Iris Murdoch’s Practical Mysticism
Iris Murdoch was one of the most celebrated novelists and philosophers of the 20th century whose writing is marked by a grim assessment of the “conceptual impoverishment of modern ethical thought. As Murdoch saw it, humans had gradually lost the ability to grasp the transcendent values that are the source of all meaning: true love, evil, grace and perfection. One solution lay in art, which Murcdoch saw as a kind of “practical mysticism”: art that helps us grasp perfection, but in a way that acknowledges how far we have fallen away from it. This series will be led by Matthew Rose (Barry Center) and Amogha Sahu (Columbia).
Against Dryness: March 20, 2023 at 1 PM
We will begin by reading her essay in Encounter magazine in 1961, “Against Dryness”: a powerful criticism of the individualistic picture of human beings at the heart of our society and a criticism of the ‘dry’ literature that is ineffective in correcting this picture.

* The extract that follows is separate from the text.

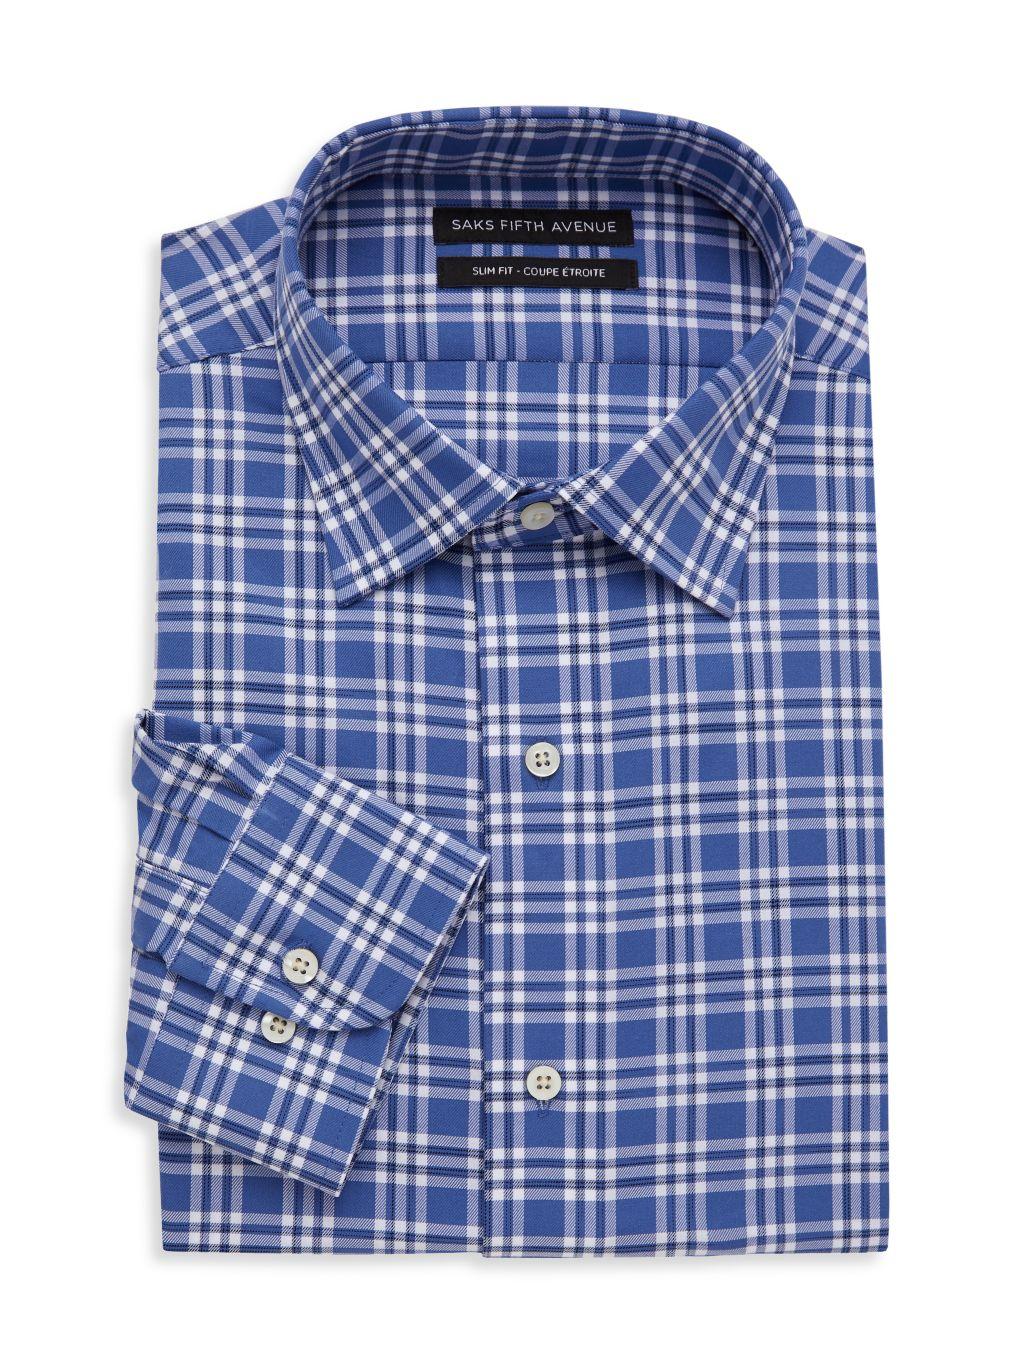 Saks Fifth Avenue Slim-Fit Plaid Dress Shirt

Existentialists and Mystics: March 27, 2023 at 1 PM
This week, we will discuss “Existentialists and Mystics,” which explores how literature works in an age in which moral foundations—a belief in the Soul, in Individuals, Reason, and Character—seem to have disappeared for many people. Murdoch intriguingly ends the essay by endorsing a literature “nourished and supported by thought about politics.”
Salvation by Words: April 3, 2023 at 1 PM
We will read one of Murdoch’s most beautiful pieces, “Salvation by Words,” which offers a spirited defense of art as a continuing source of “plain truth” about human certainties.